No, that is not the answer. The OP did not state that sharing a box for the power and hemi cables was taking place.

(Also not the answer to the title question) Using an A/V receiver with adequate features (in the equipment closet) any source (DVD player, VCR, etc.) can have its signal sent out a single HDMI cable to the TV. More common is having both an HDMI cable and a bunch of RCA plug cables (the latter can be RG6) going between a less sophisticated A/V receiver and the TV.

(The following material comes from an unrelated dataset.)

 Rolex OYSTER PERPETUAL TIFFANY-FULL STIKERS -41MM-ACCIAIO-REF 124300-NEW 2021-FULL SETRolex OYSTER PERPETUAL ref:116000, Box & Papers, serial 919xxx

An infra-red range extender for remote controls does not require extra cables between the equipment rack and the TV.


----------



## gregzoll (Dec 25, 2006)

oberkc said:


> I would probably want more than a single duplex outlet in the equipment closet. I would probably want network connections at both locations. I dont understand how they are going to switch sources (cable box or dvd player) to send the chosen source down a SINGLE HDMI cable. I would be concerned how a "single" remote is going to control the devices in the equipment closet. Do we need an IR extender? Do we need additional wires between the TV and equipment closet for a IR extender?


One 120 vAC/20 amp Single Duplex will work fine. You would use a Rack mount UPS or shelf to set a UPS on for the equipment.

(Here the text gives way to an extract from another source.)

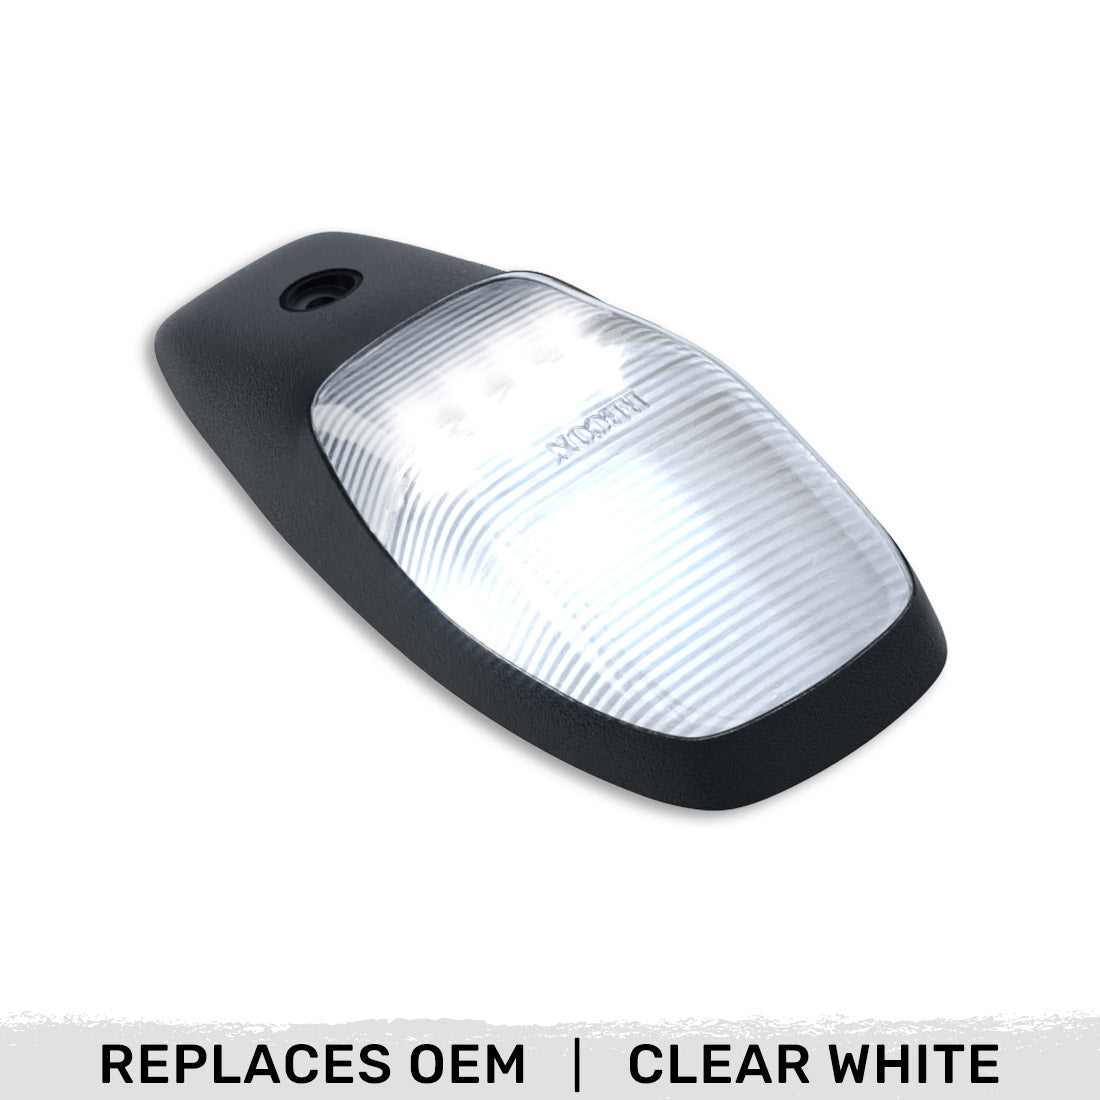  - REPLACING OEM / WHITE / CLEAR

As for that single HDMI output. You would be using an AVRS as the switching source. Add to that a Sound bar for regular tv viewing, when you do not want to run the Home Theater. That is exactly how I have my A/V gear setup, that sets on a two shelf with a table top Coffee Table style A/V Television stand.

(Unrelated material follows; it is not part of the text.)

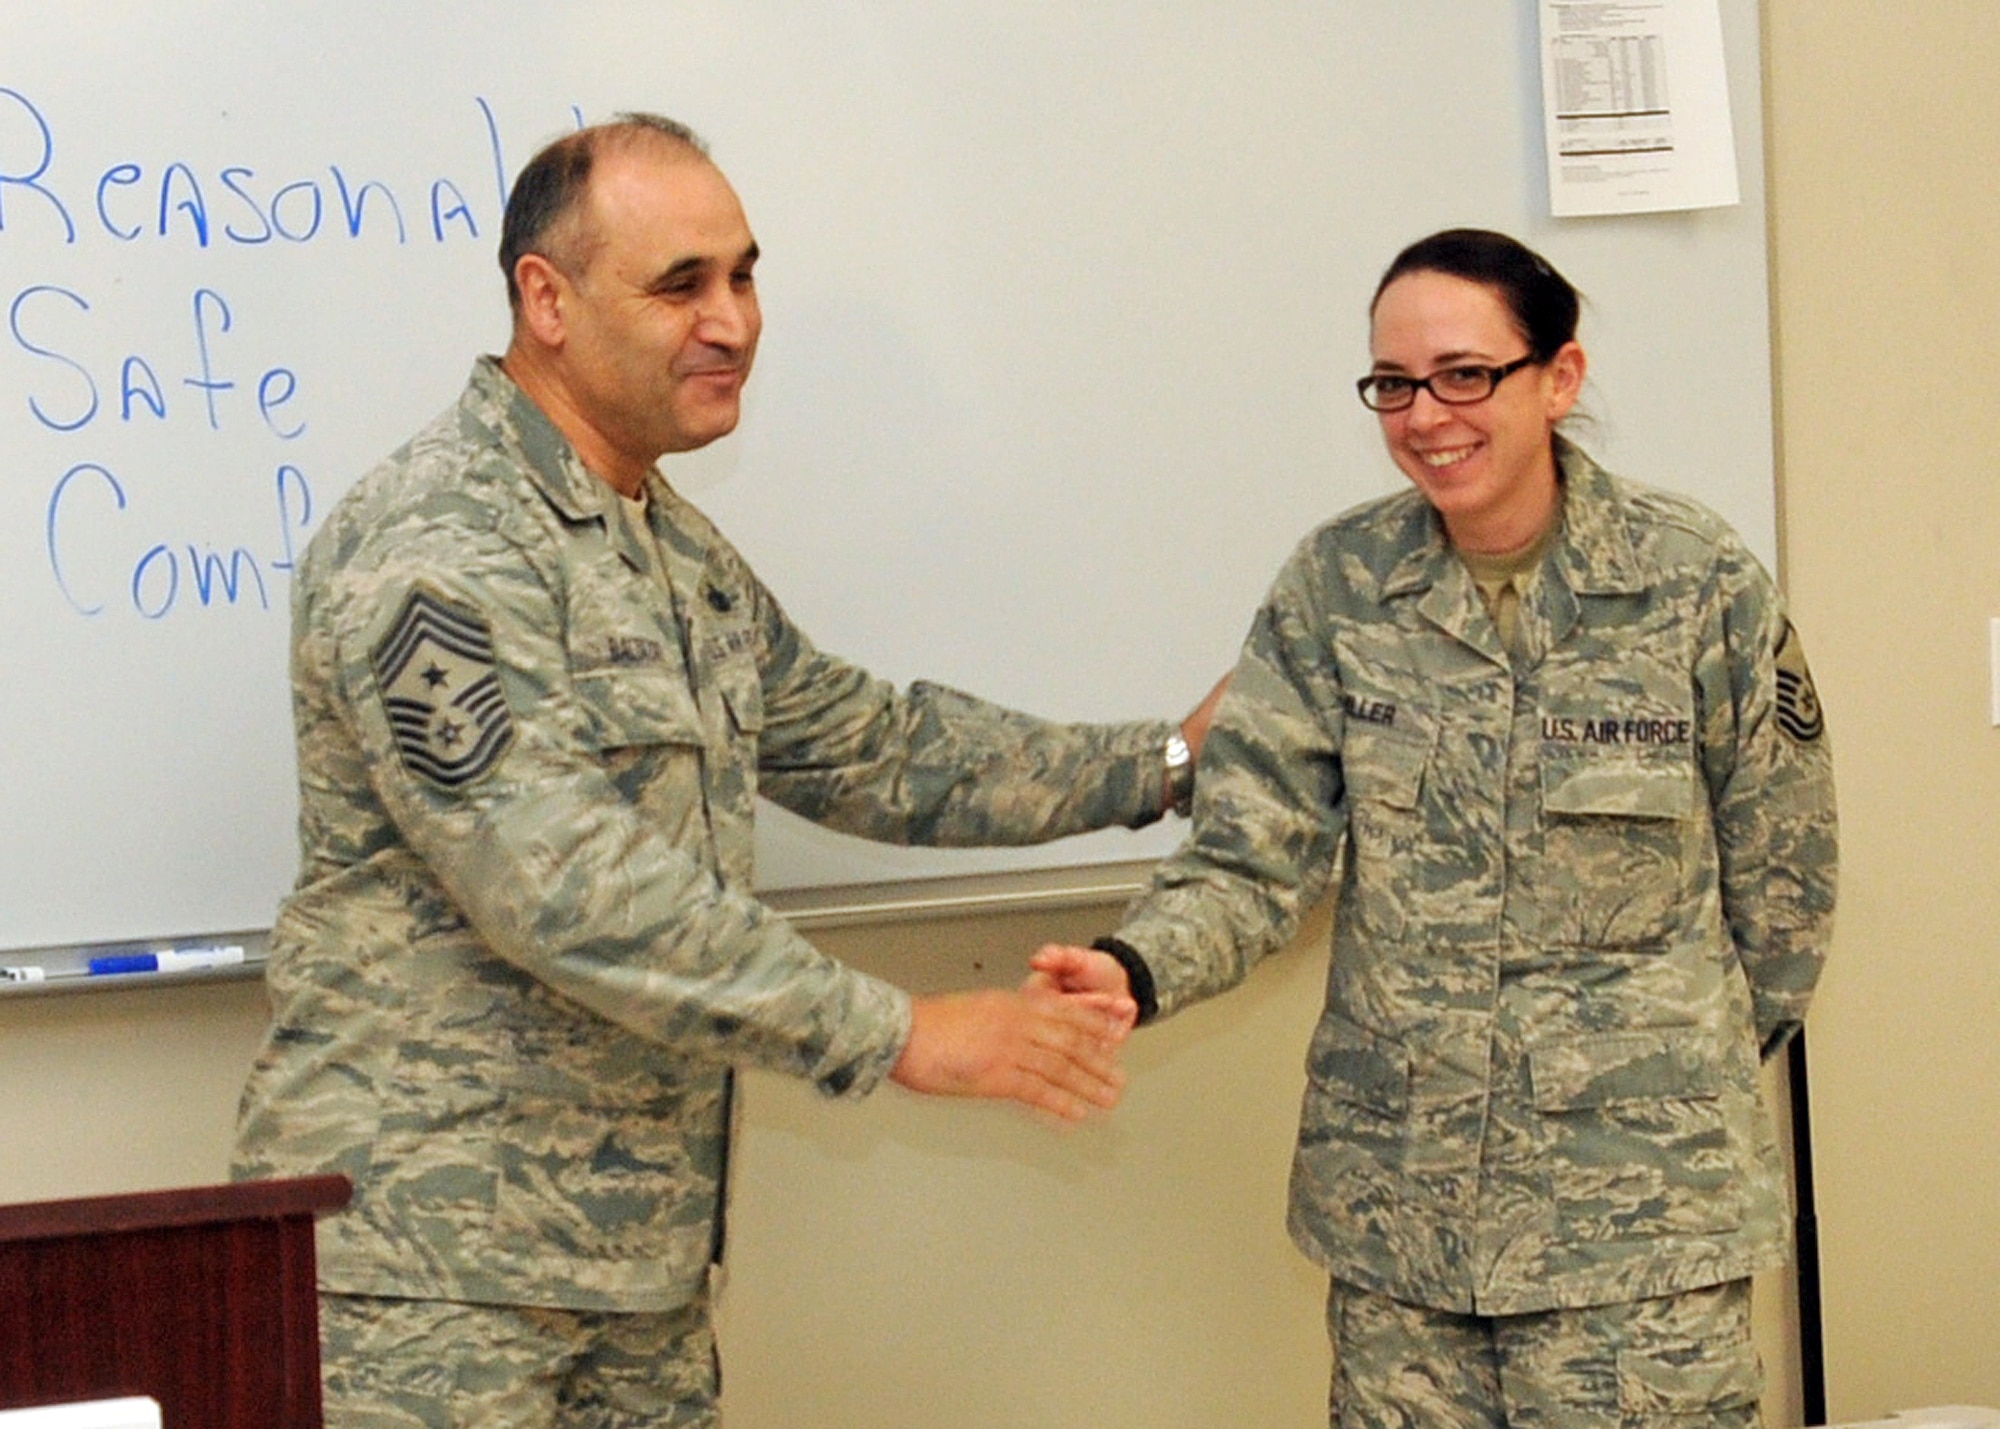 Command Chief Master Sergeant Jose Baltazar, Command Chief, 143d Airlift Wing, Rhode Island Air National Guard, presents Master Sergeant Janeen Miller, Public Affairs Manager, 143d AW, with a challenge coin for her role in preparing for, executing and instructing at the inaugural Leadership Development Course held at Quonset Air National Guard Base, North Kingstown, Rhode Island on January 21, 2015. National Guard Photo by Senior Master Sergeant Brian Robitaille

Everything goes into my Denon AVR-1612, then a single HDMI to the Panasonic Plasma. The Soundbar is connected to the DirecTV HR44/700 DVR, which also has a DirecTV AM21N ATSC OTA Tuner for locals over an Antenna setup in my attic.

Only time the Home Theater goes on is during Football Season, watching movies on DirecTV OnDemand, Netflix on the Blu-Ray or DVD/Blu-Rays on the Blu-Ray.


----------



## ddawg16 (Aug 15, 2011)

It's over the fireplace. If they don't use the fireplace, no big deal....


----------



## gregzoll (Dec 25, 2006)

ddawg16 said:


> It's over the fireplace. If they don't use the fireplace, no big deal....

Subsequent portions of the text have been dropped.